Causal Reasoning Benchmark: The RLCausal dataset provides a controlled, mathematically rigorous benchmark for evaluating LLM reasoning, distinct from natural language causal benchmarks (like CLadder) which conflate reasoning with language understanding.
Training Strategy Insights: The findings suggest that for complex reasoning tasks, a hybrid approach or careful selection of base models is crucial. Simply applying RLVR to a model that cannot reason step-by-step will likely lead to collapse into direct prediction.
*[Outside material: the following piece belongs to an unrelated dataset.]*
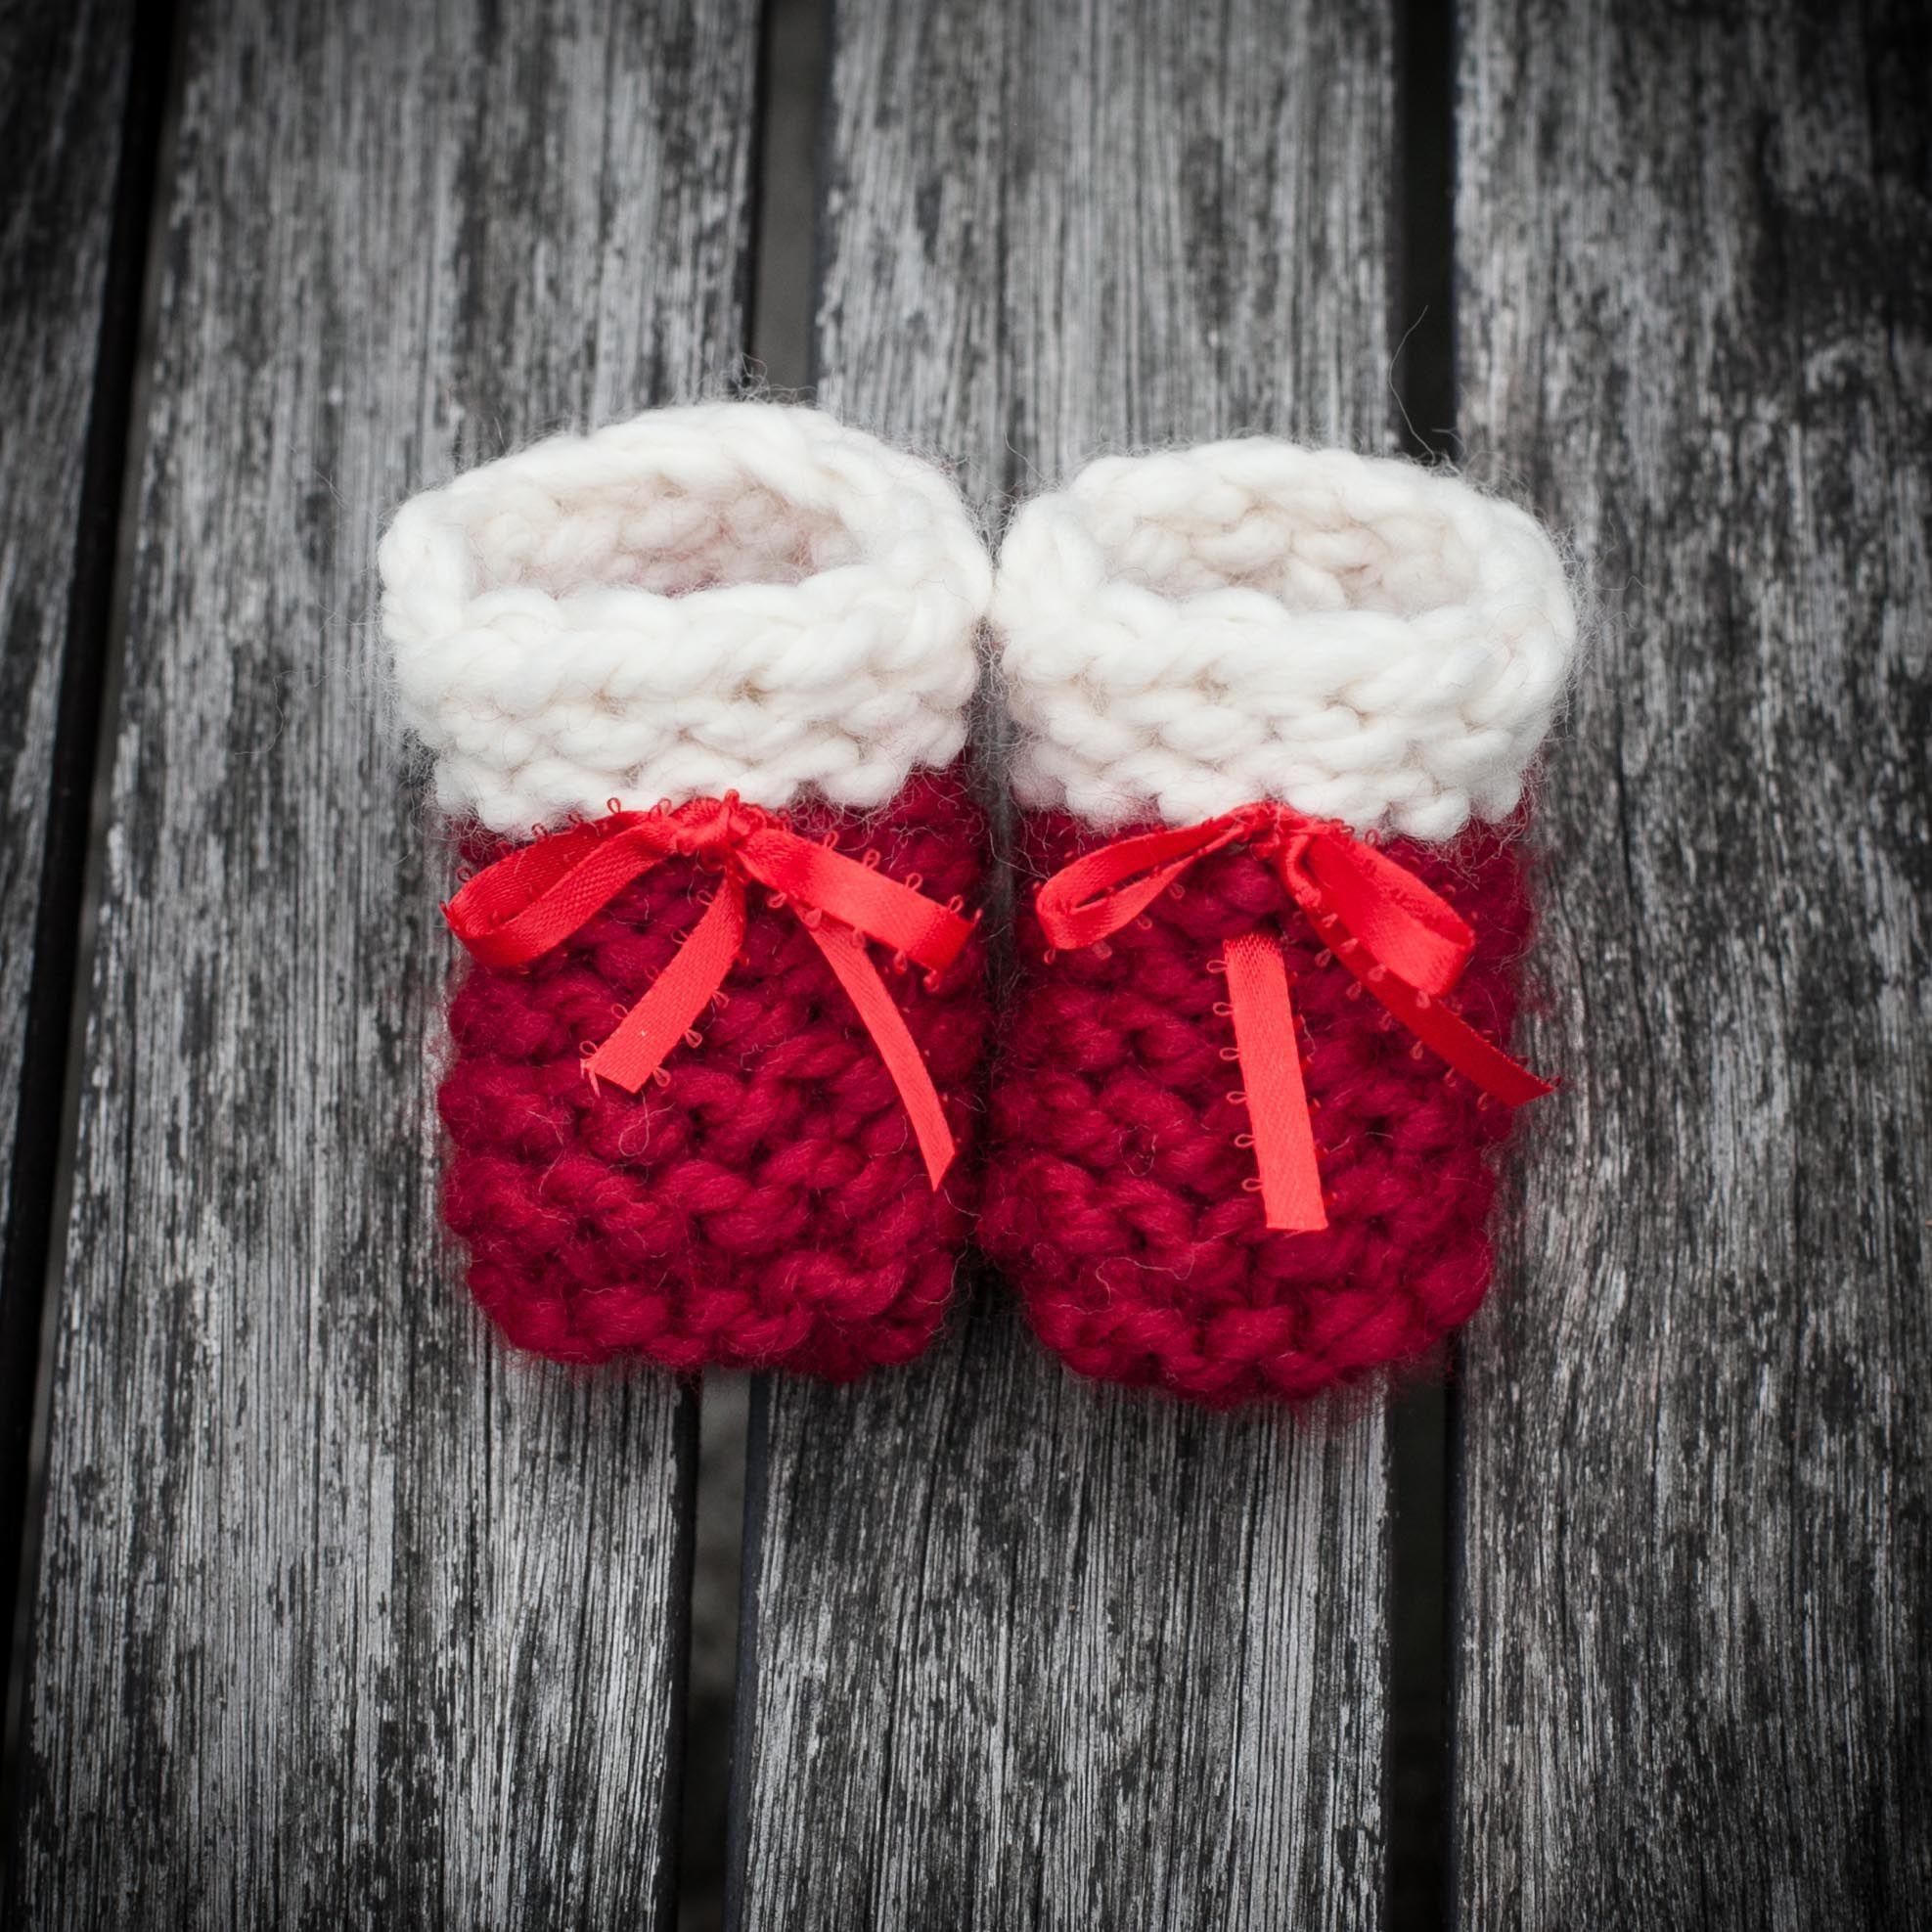 Loom Knit Baby Booties Shoes PATTERN Beginner Friendly Garter

Future Directions: The work highlights the need to improve the "cold start" capabilities of LLMs in formal reasoning domains and suggests that future RLVR research should focus on the interplay between execution quality (calculation) and strategy quality (reasoning path).

Conclusion

The paper concludes that RLVR effectively enhances specific causal reasoning sub-skills (marginalization and derivation) and improves generalization, but only when the base model possesses a sufficient level of initial reasoning competence. Scaling up model size improves this prior, making larger models (≥7B) the primary beneficiaries of RLVR, while smaller models (3B) and highly complex tasks (Counterfactuals) remain challenging frontiers.